# What is being asked
Before you write out the listing, remove the pictures; everything else stays exactly as it is.

# Dataset section
▼

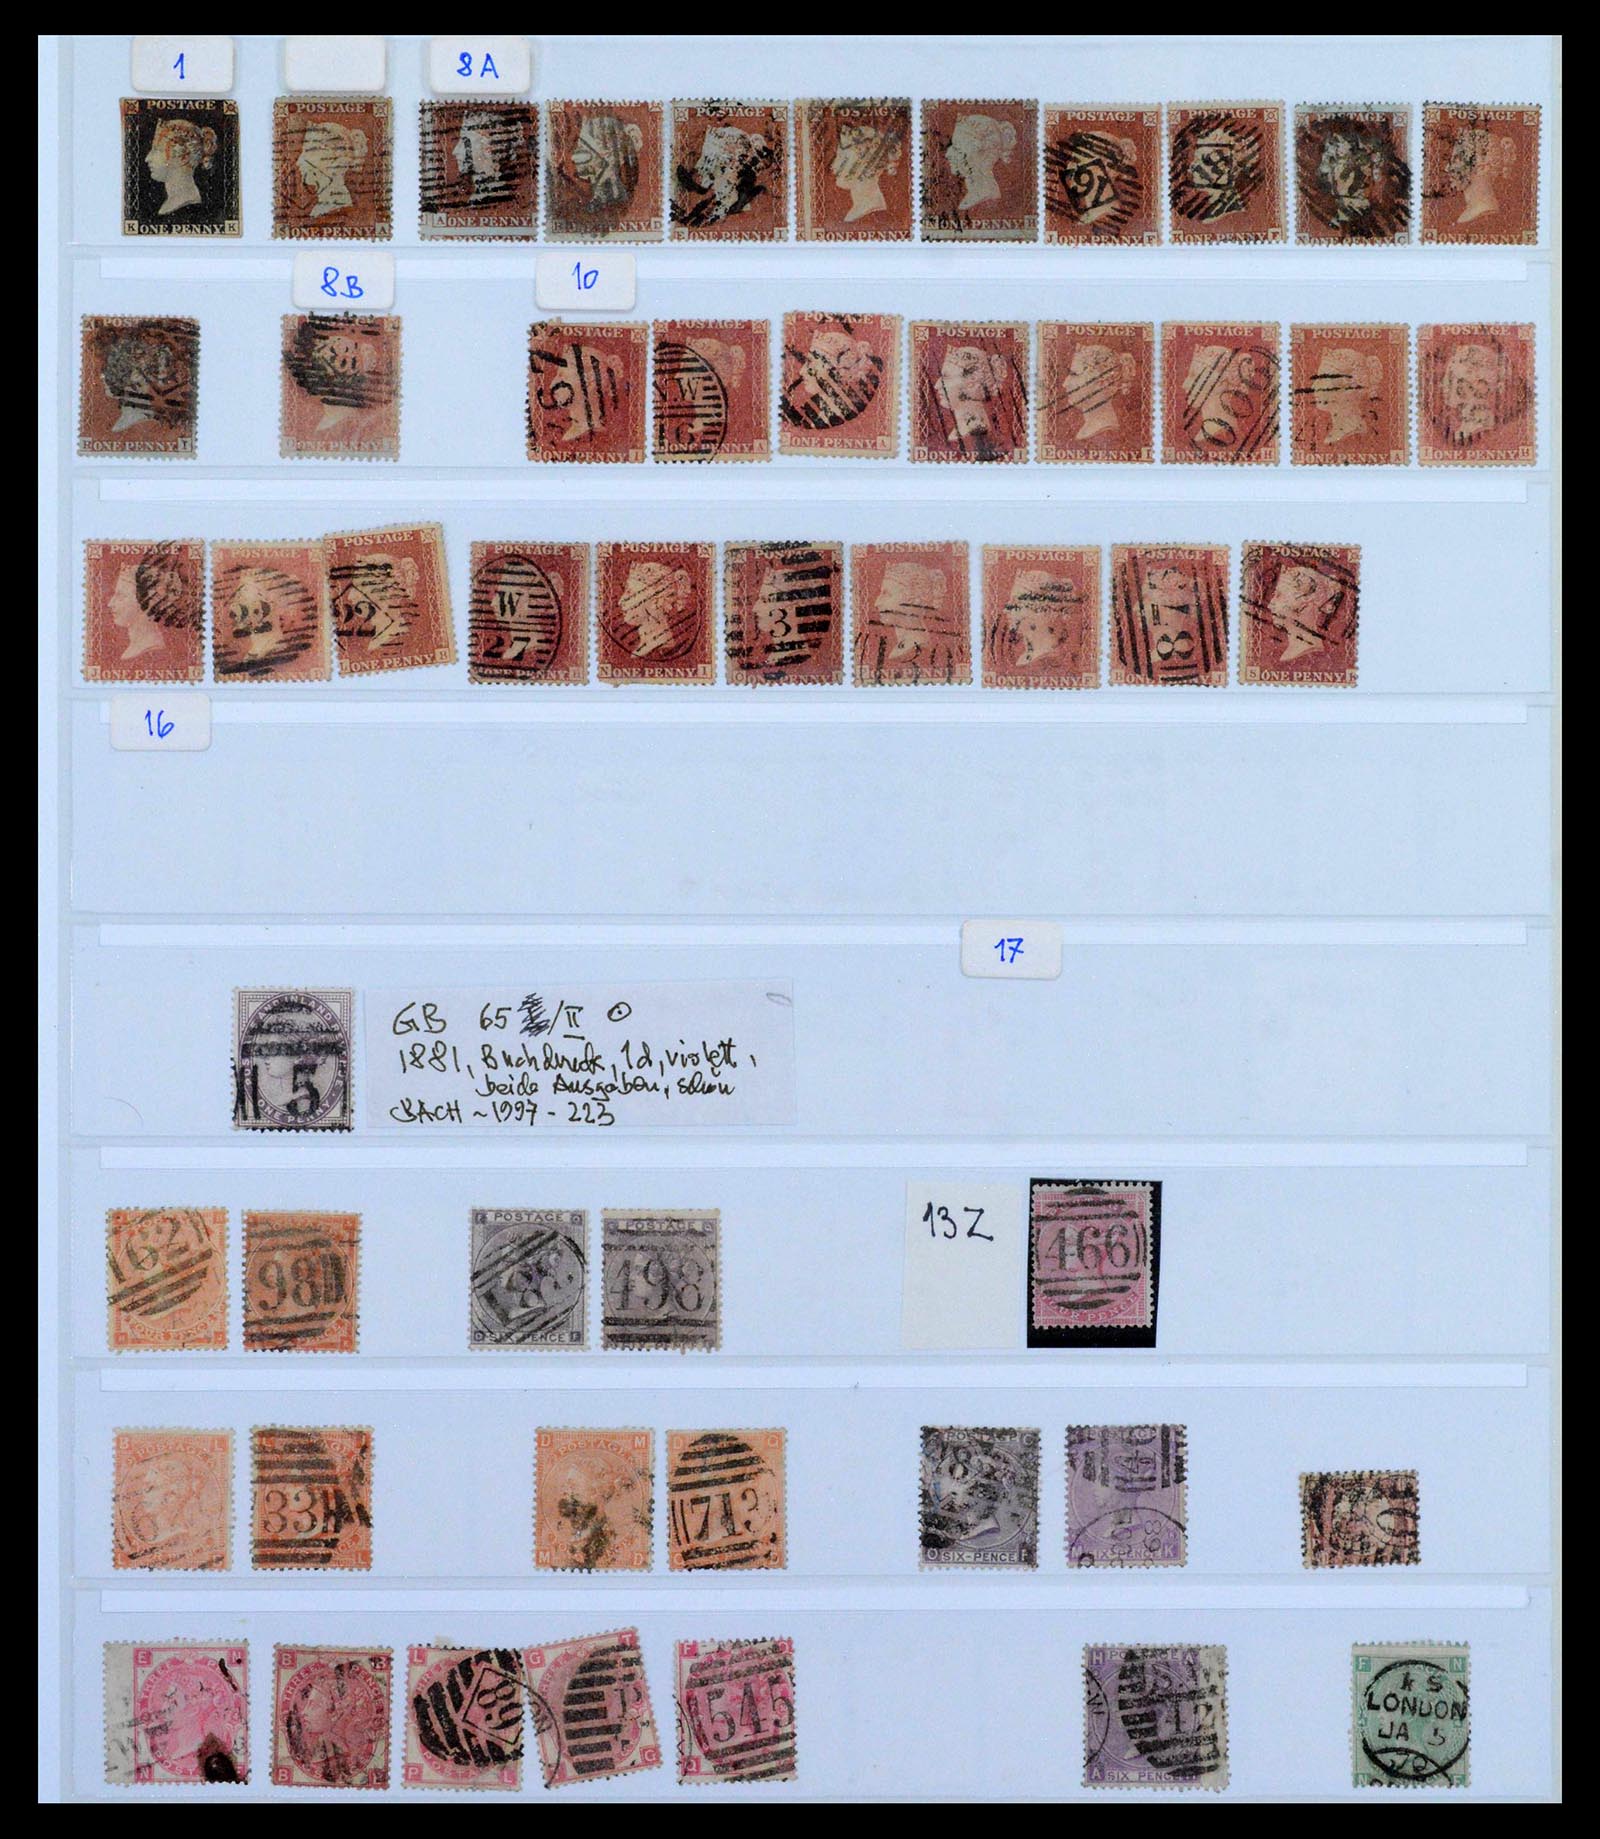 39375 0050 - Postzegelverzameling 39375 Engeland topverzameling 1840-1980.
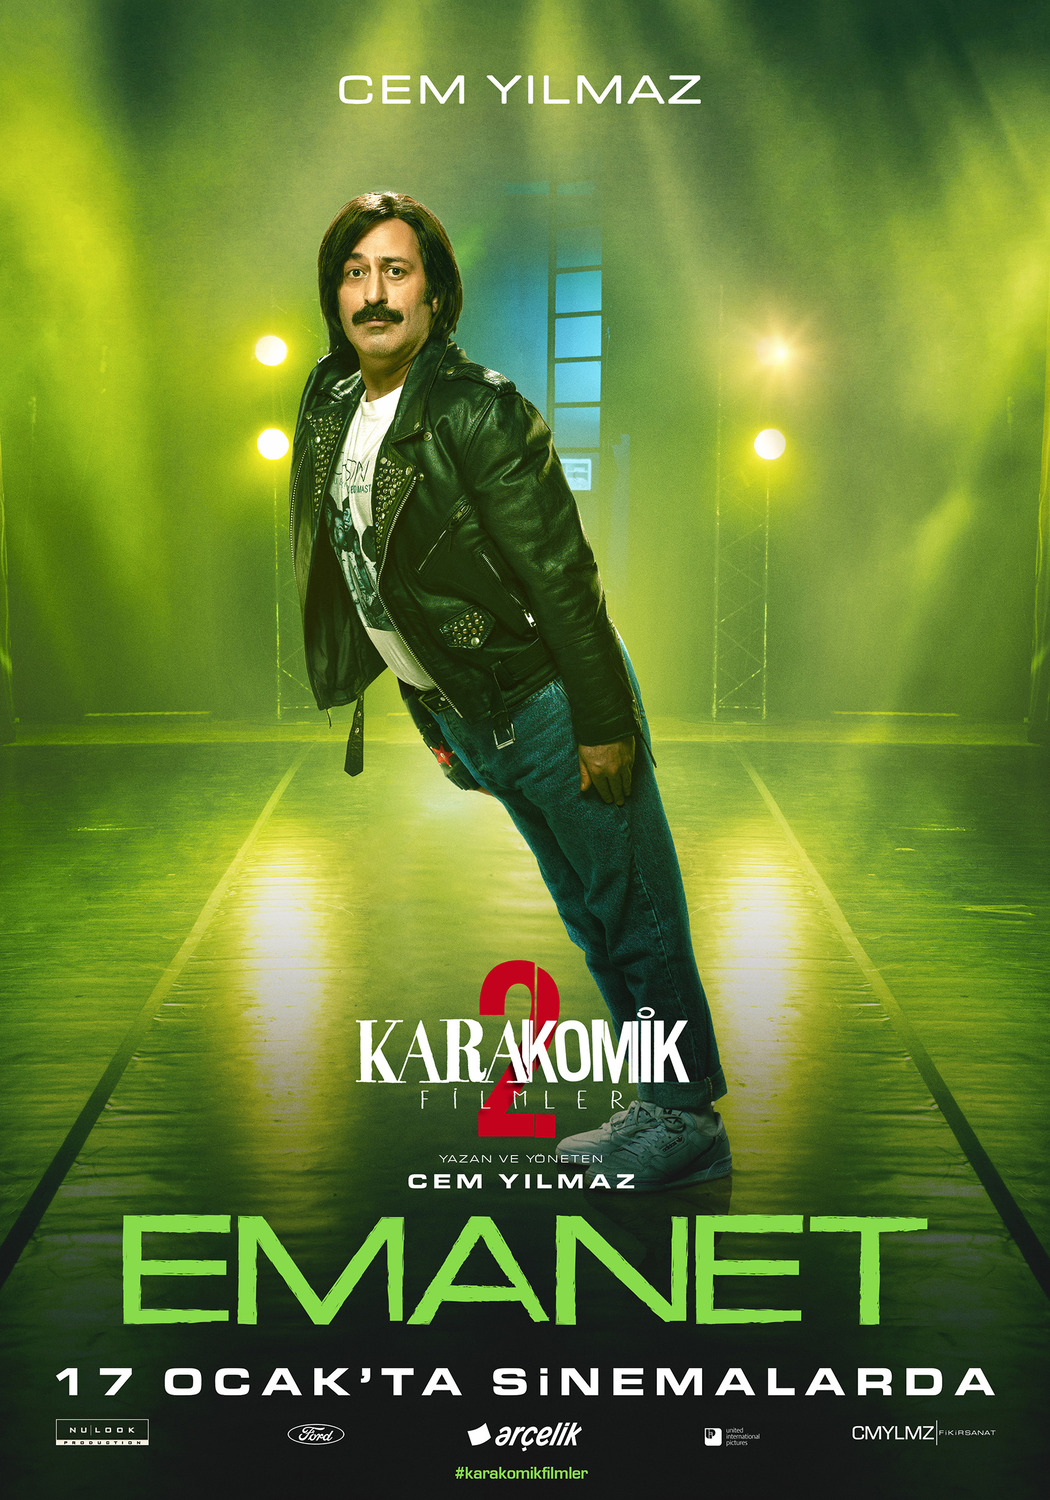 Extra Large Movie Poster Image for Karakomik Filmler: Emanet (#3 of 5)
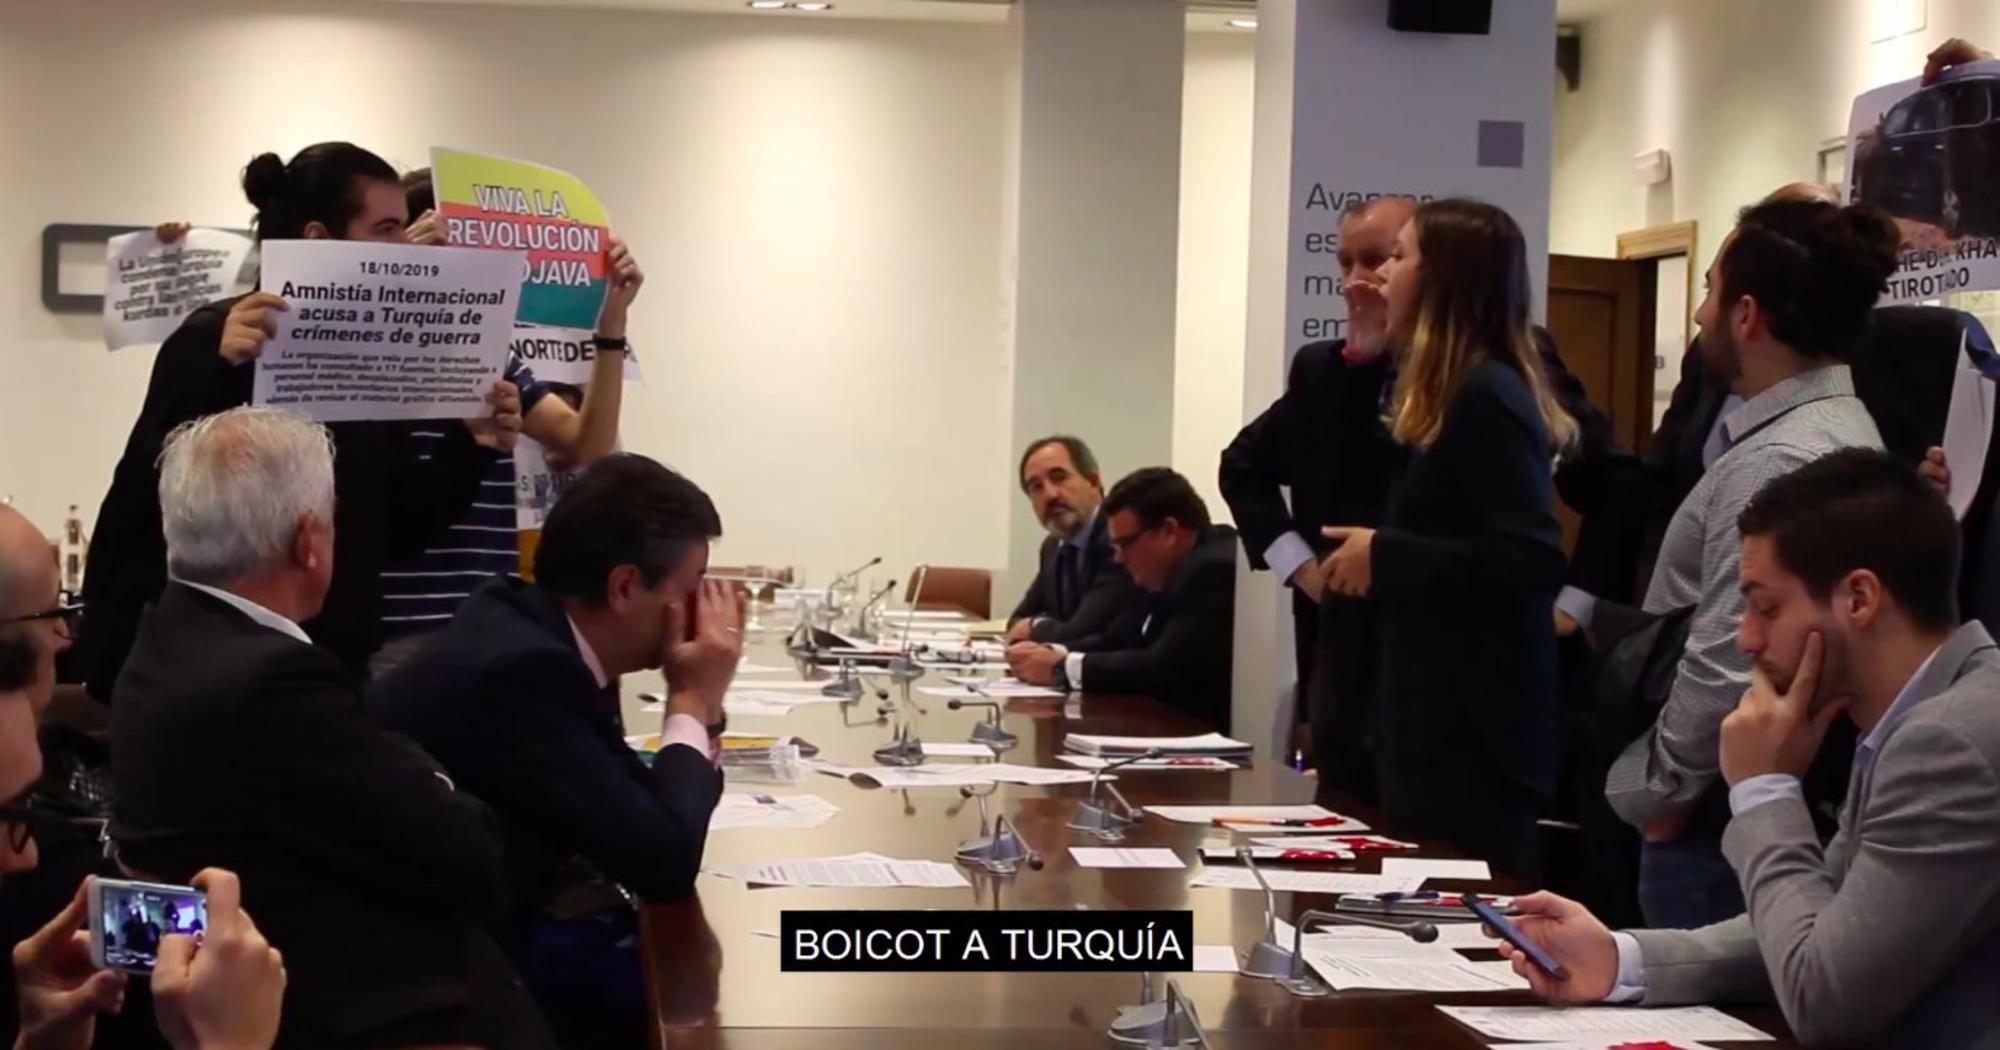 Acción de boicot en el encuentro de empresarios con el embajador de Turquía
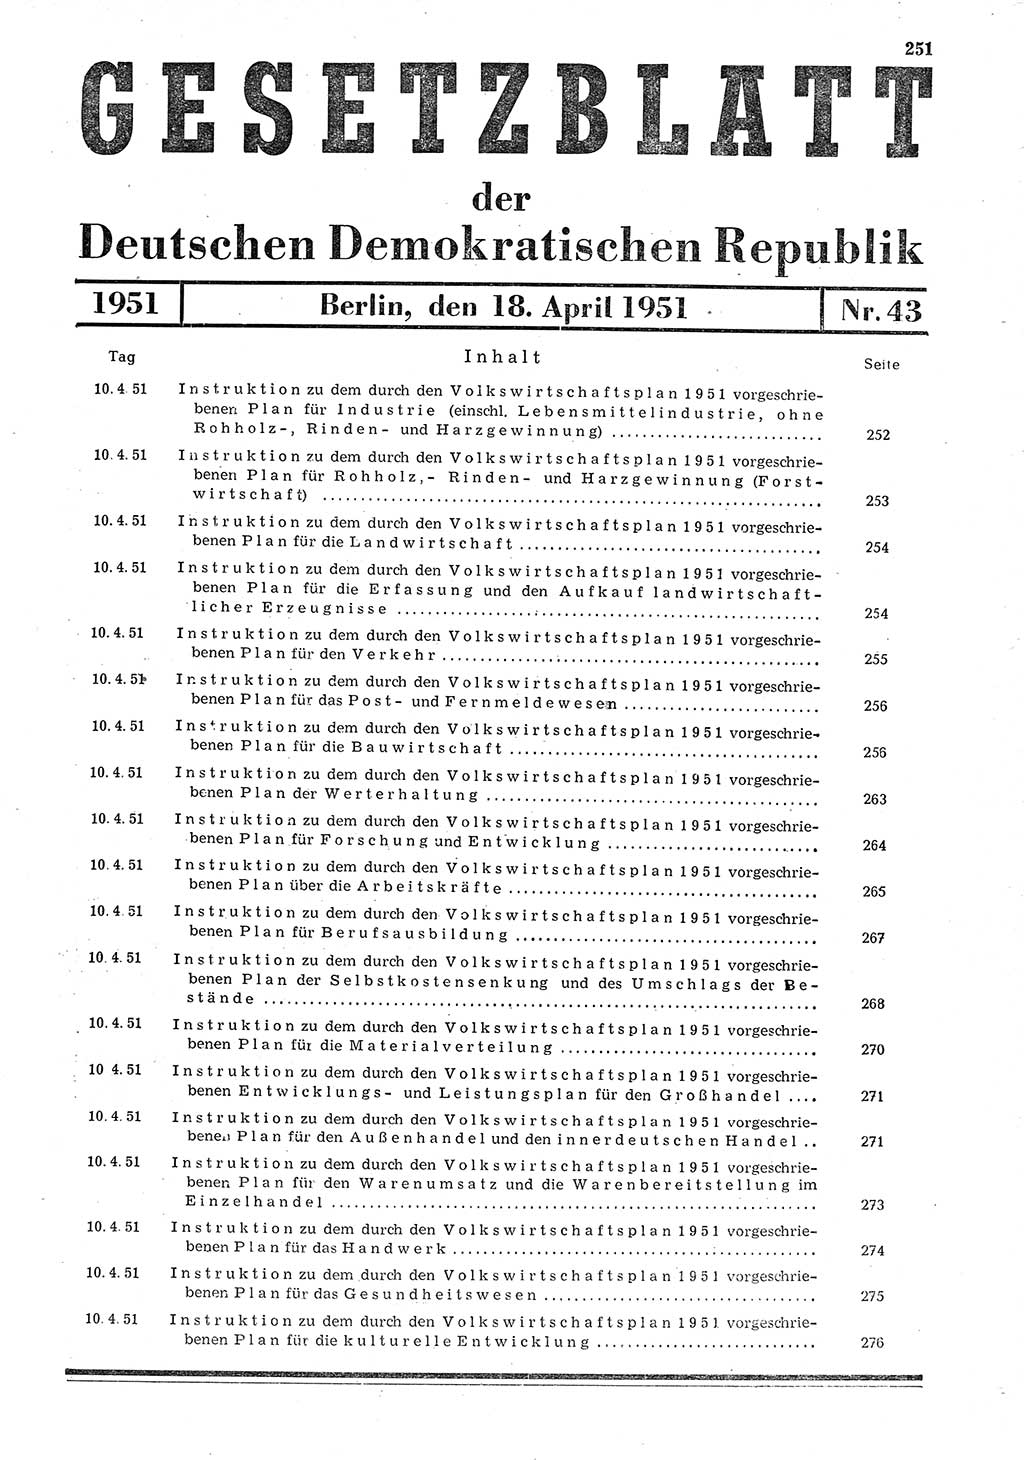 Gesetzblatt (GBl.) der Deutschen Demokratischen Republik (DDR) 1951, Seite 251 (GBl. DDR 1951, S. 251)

▲

# Worked solution
 39375 0050 - Postzegelverzameling 39375 Engeland topverzameling 1840-1980.
 Extra Large Movie Poster Image for Karakomik Filmler: Emanet (#3 of 5)
 Acción de boicot en el encuentro de empresarios con el embajador de Turquía
 Gesetzblatt (GBl.) der Deutschen Demokratischen Republik (DDR) 1951, Seite 251 (GBl. DDR 1951, S. 251)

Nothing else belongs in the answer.